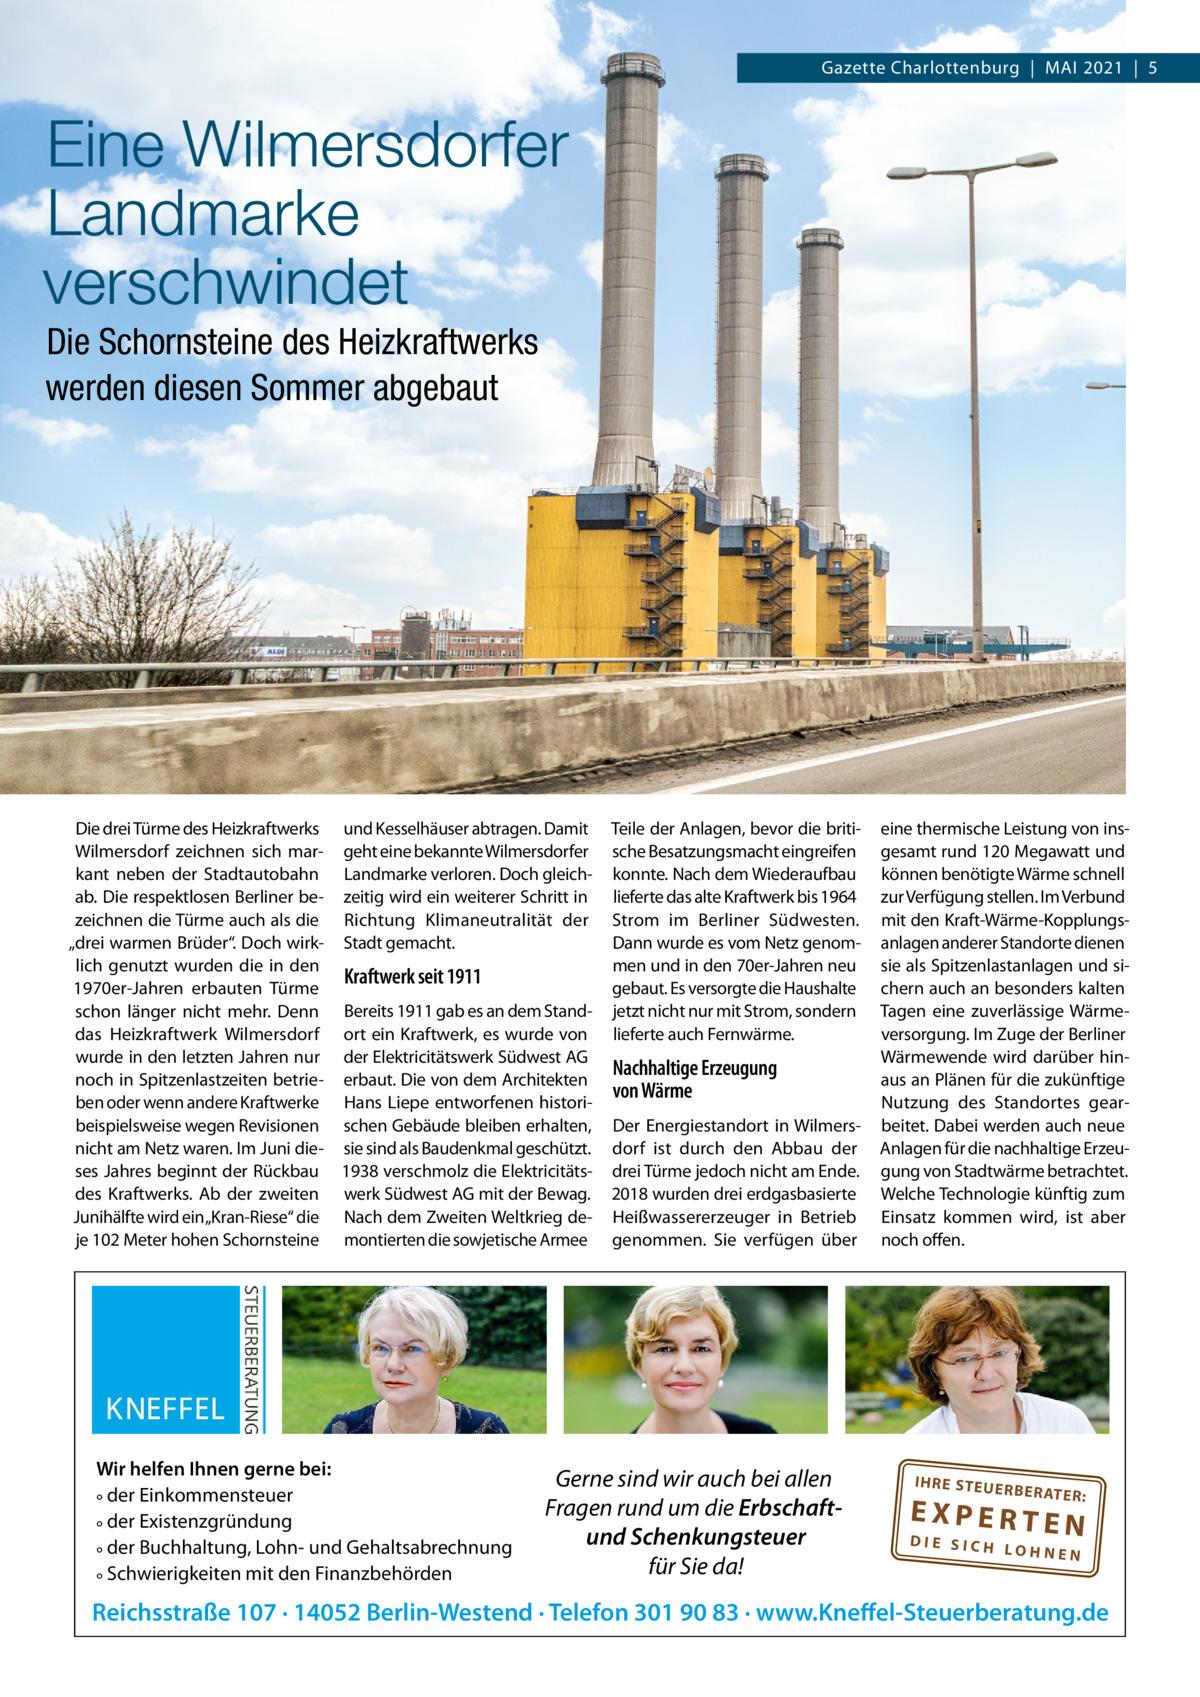 """Gazette Charlottenburg MAI 2021 5  Eine Wilmersdorfer Landmarke verschwindet Die Schornsteine des Heizkraftwerks werden diesen Sommer abgebaut  Die drei Türme des Heizkraftwerks und Kesselhäuser abtragen. Damit Wilmersdorf zeichnen sich mar- geht eine bekannte Wilmersdorfer kant neben der Stadtautobahn Landmarke verloren. Doch gleichab. Die respektlosen Berliner be- zeitig wird ein weiterer Schritt in zeichnen die Türme auch als die Richtung Klimaneutralität der """"drei warmen Brüder"""". Doch wirk- Stadt gemacht. lich genutzt wurden die in den Kraftwerk seit 1911 1970er-Jahren erbauten Türme schon länger nicht mehr. Denn Bereits 1911 gab es an dem Standdas Heizkraftwerk Wilmersdorf ort ein Kraftwerk, es wurde von wurde in den letzten Jahren nur der Elektricitätswerk Südwest AG noch in Spitzenlastzeiten betrie- erbaut. Die von dem Architekten ben oder wenn andere Kraftwerke Hans Liepe entworfenen historibeispielsweise wegen Revisionen schen Gebäude bleiben erhalten, nicht am Netz waren. Im Juni die- sie sind als Baudenkmal geschützt. ses Jahres beginnt der Rückbau 1938 verschmolz die Elektricitätsdes Kraftwerks. Ab der zweiten werk Südwest AG mit der Bewag. Junihälfte wird ein""""Kran-Riese"""" die Nach dem Zweiten Weltkrieg deje 102Meter hohen Schornsteine montierten die sowjetische Armee  Wir helfen Ihnen gerne bei: ° der Einkommensteuer ° der Existenzgründung ° der Buchhaltung, Lohn- und Gehaltsabrechnung ° Schwierigkeiten mit den Finanzbehörden  Teile der Anlagen, bevor die britische Besatzungsmacht eingreifen konnte. Nach dem Wiederaufbau lieferte das alte Kraftwerk bis 1964 Strom im Berliner Südwesten. Dann wurde es vom Netz genommen und in den 70er-Jahren neu gebaut. Es versorgte die Haushalte jetzt nicht nur mit Strom, sondern lieferte auch Fernwärme.  Nachhaltige Erzeugung von Wärme Der Energiestandort in Wilmersdorf ist durch den Abbau der drei Türme jedoch nicht am Ende. 2018 wurden drei erdgasbasierte Heißwassererzeuger in Betrieb genommen. Sie verfügen über  Gerne"""
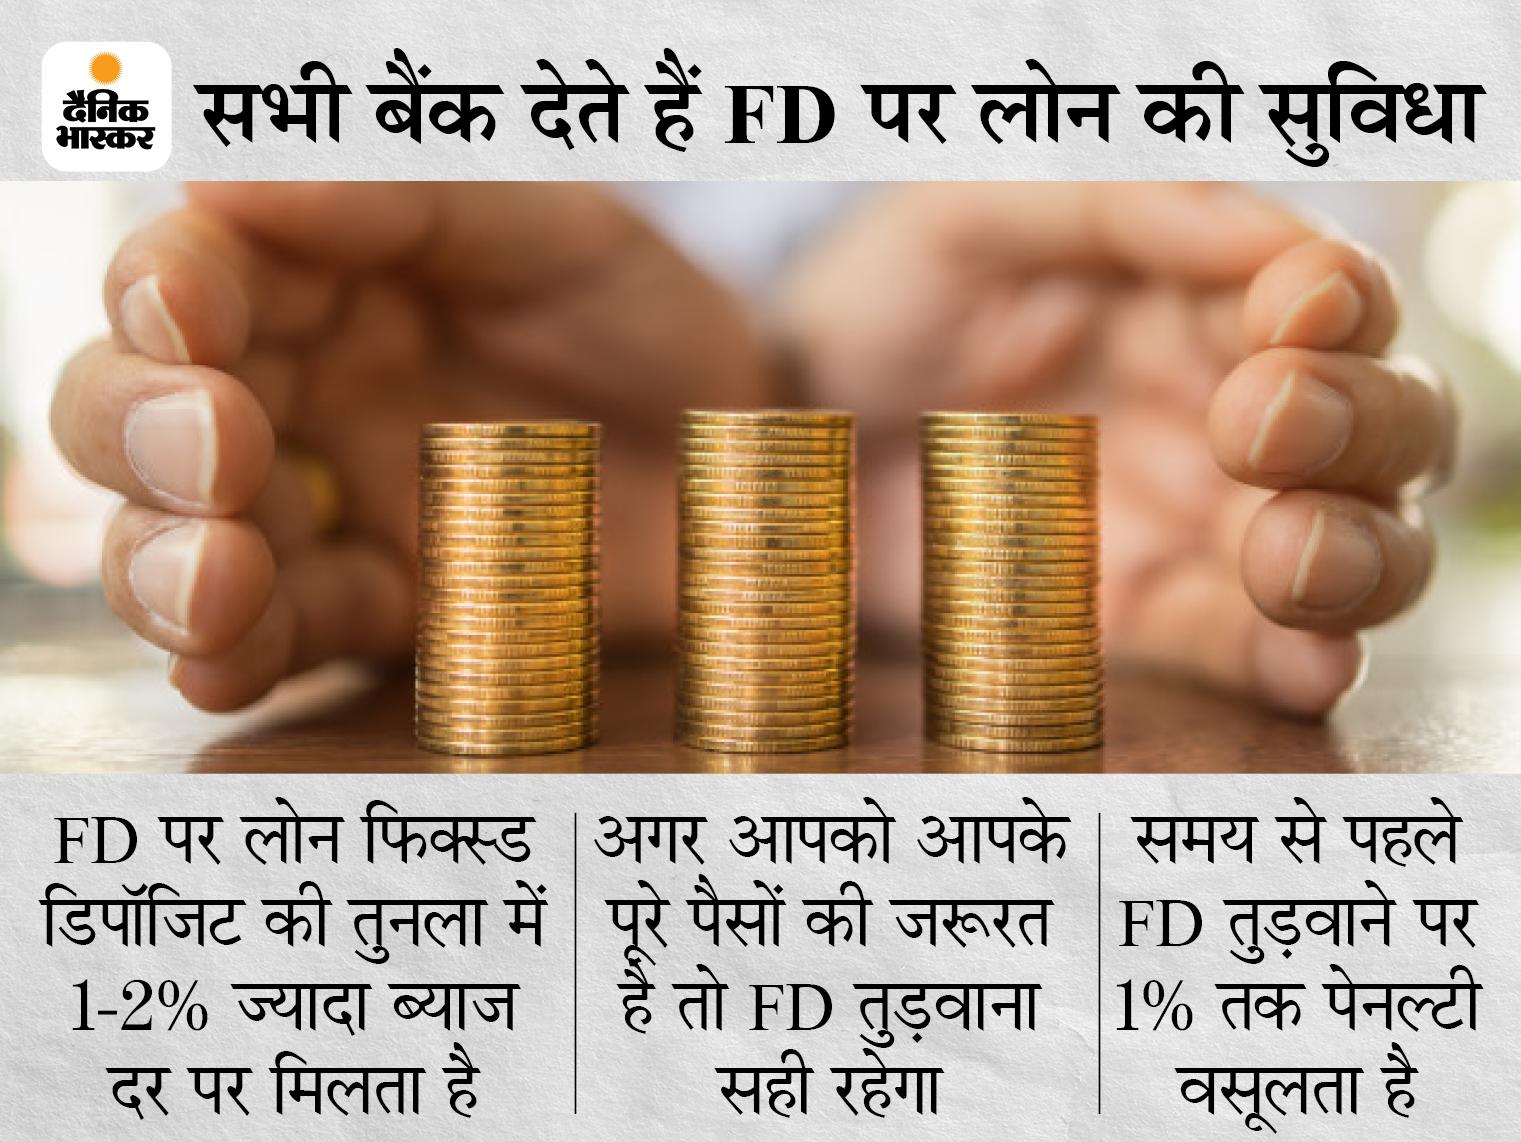 कोरोना काल में पैसों की जरूरत पड़ने पर FD तुड़वाएं या उस पर लोन लें, यहां जानें कौन-सा ऑप्शन रहेगा सही|बिजनेस,Business - Dainik Bhaskar
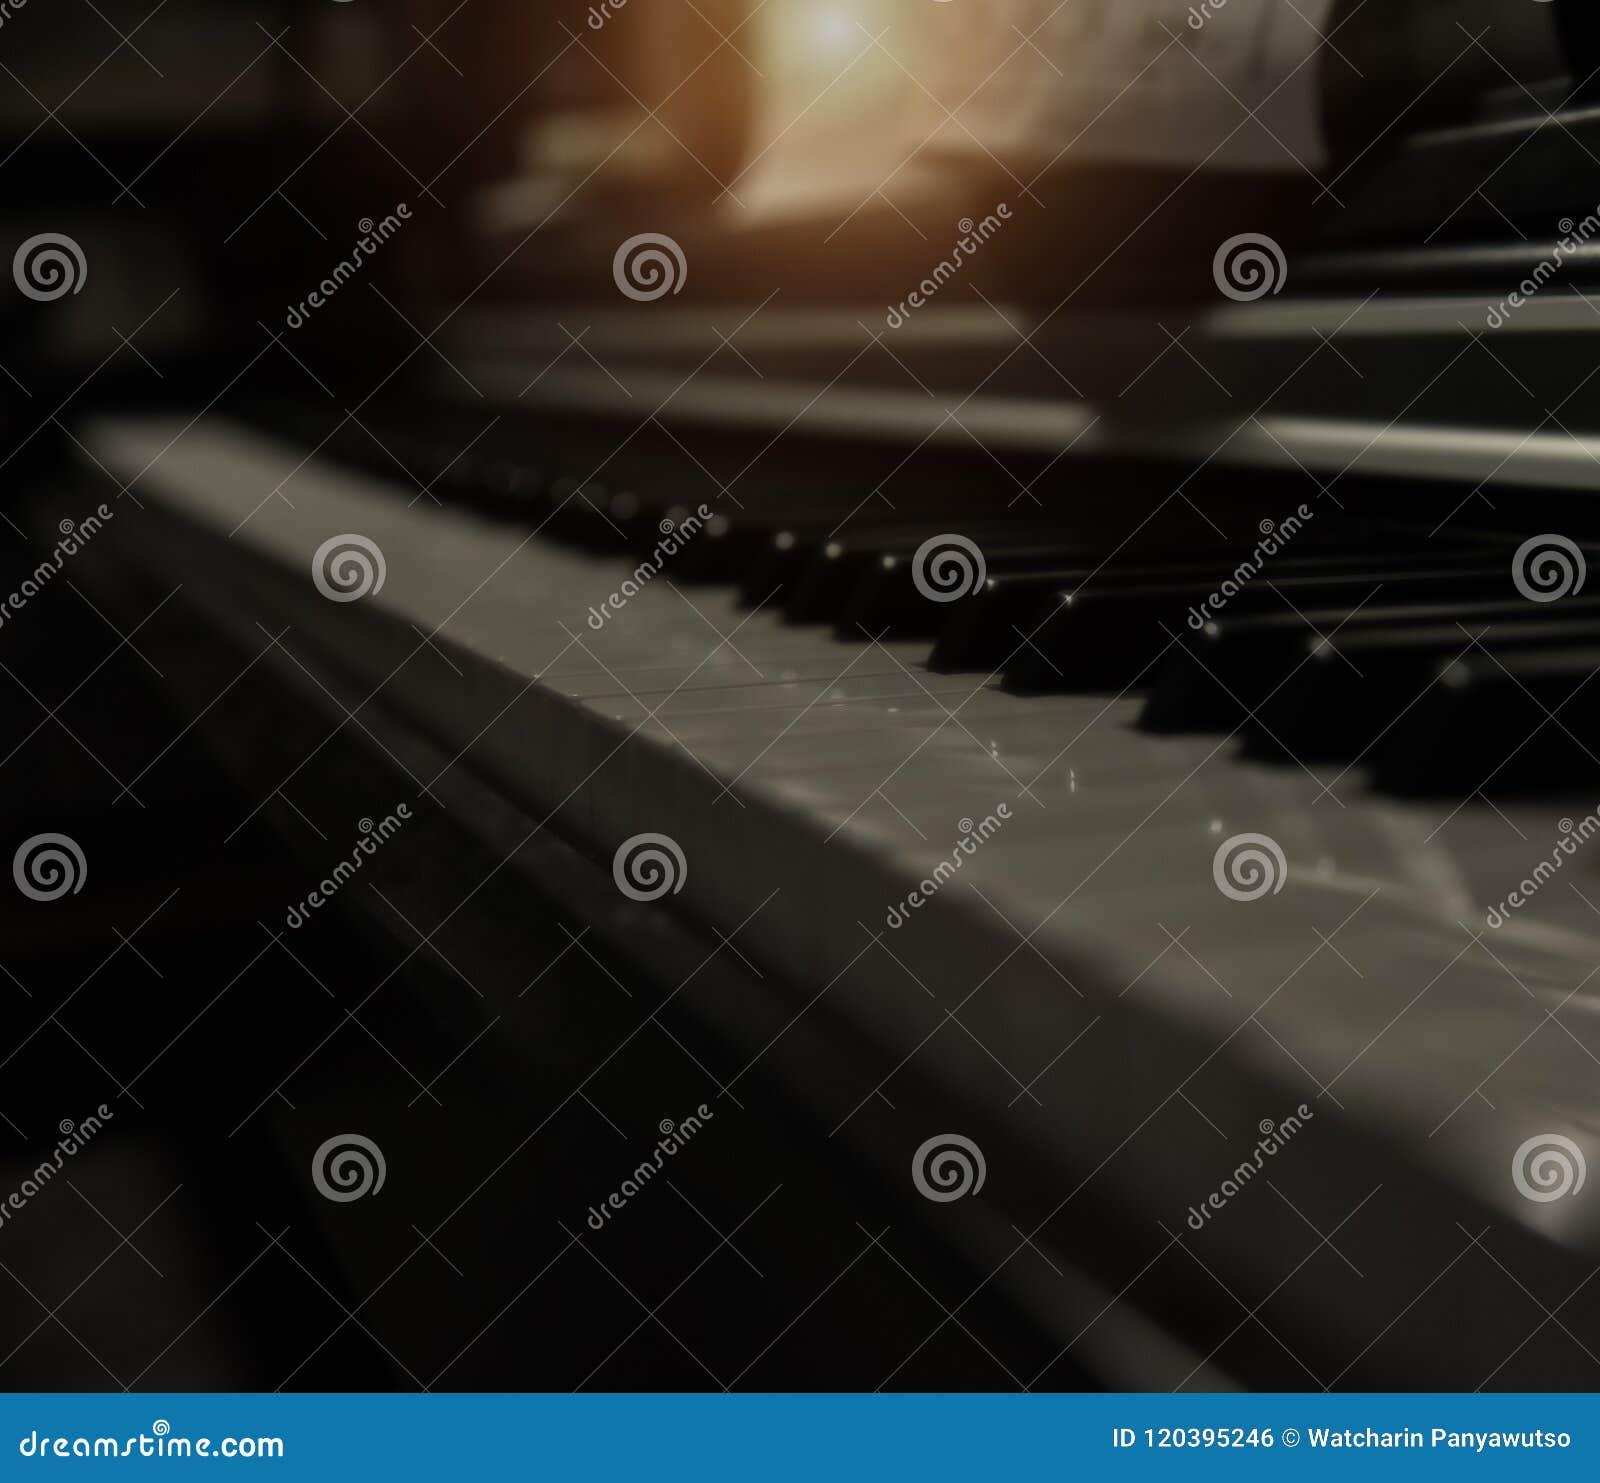 Den oskarpa ljusa designbakgrunden av pianotangenter, där är vita pianotangenter och svarta pianotangenter

**Your assignment**
Pictures aside, reproduce exactly the lines from the one containing "कोरोना काल में" to the end of the listing above, both ends included.

**Solution for this task**
 कोरोना काल में पैसों की जरूरत पड़ने पर FD तुड़वाएं या उस पर लोन लें, यहां जानें कौन-सा ऑप्शन रहेगा सही|बिजनेस,Business - Dainik Bhaskar
 Den oskarpa ljusa designbakgrunden av pianotangenter, där är vita pianotangenter och svarta pianotangenter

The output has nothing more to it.